Let $\tau:[0,1]\rightarrow [0,1]$ be continuous and define $A:C[0,1]\rightarrow C[0,1]$ by $A(f)=f\circ \tau$. Give necessary and sufficient conditions on $\tau$ for $A$ to be a compact operator.

By The Arzela-Ascoli Theorem, we know a necessary and sufficient condition is $$A(Ball(C[0,1]))$$ is equicontinuous, i.e. $\forall \epsilon \gt0,x_0\in [0,1]$, there is neighbourhood $U$ of $x_0$, s.t. $$|f(\tau(x))-f(\tau(x_0))|\le \epsilon, \forall f\in Ball(C[0,1]),\forall x\in U$$.

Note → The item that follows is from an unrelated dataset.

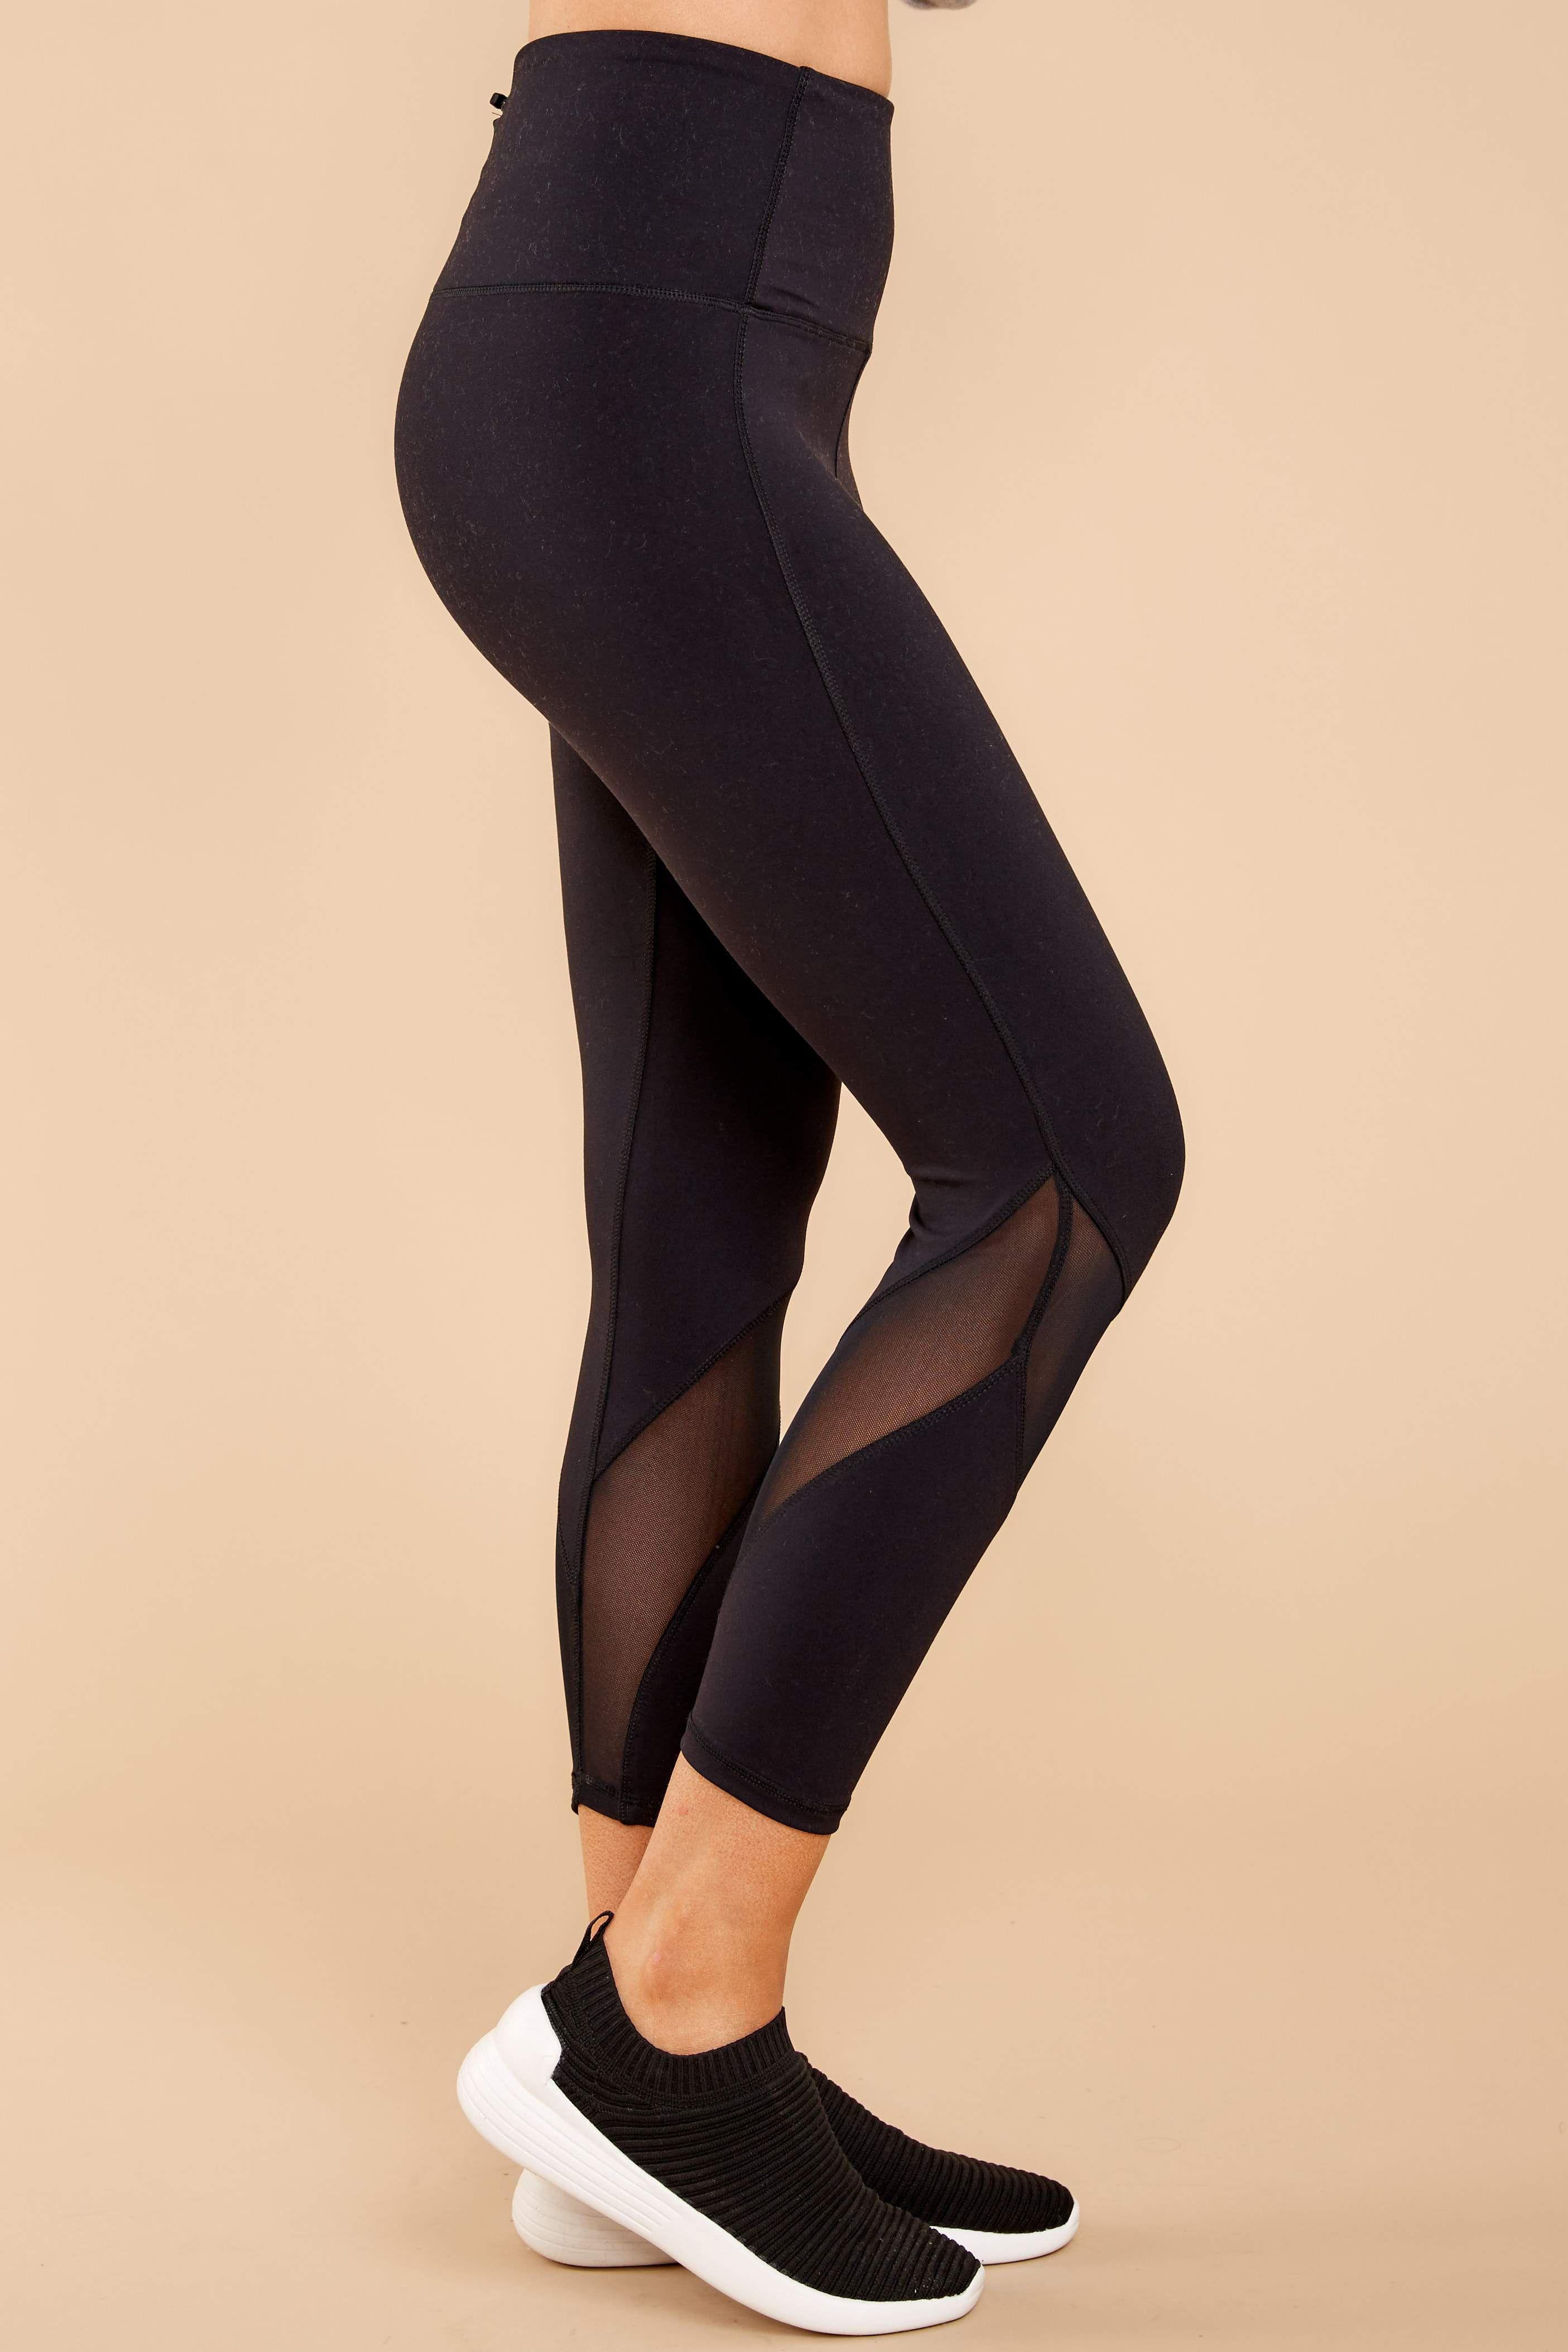 c113687f71344 Cute Black Leggings - Trendy Leggings - Leggings - $29.00 – Red Dress  Boutique

But how can I get a sufficient and necessary condition on $\tau$ from the above sufficient and necessary condition?

Any help would be appreciated.

• So what do you think the condition is? – Mhenni Benghorbal Feb 29 '16 at 8:14
• @MhenniBenghorbal.I have no idea. – David Lee Feb 29 '16 at 8:45

If $\tau$ is constant it is clear that the operator is compact, as the image is one dimensional.
Choose $\epsilon>0$ and suppose $\tau$ is non constant. That means that there is a point $x_0$ such that every neighborhood $U$ of $x_0$ has a point $x_1\in U$ such that $\tau(x_0)\not=\tau(x_1)$. We use here that if a continous function is locally constant and the domain is connected it is constnat. Choose a continuous function with $f(\tau(x_0))=0$ and $f(\tau(x_1))=2\epsilon$. Then $|Af(x_0)-Af(x_1)|=2\epsilon>\epsilon$. Thus the family is not equicontinous and the operator is not compact.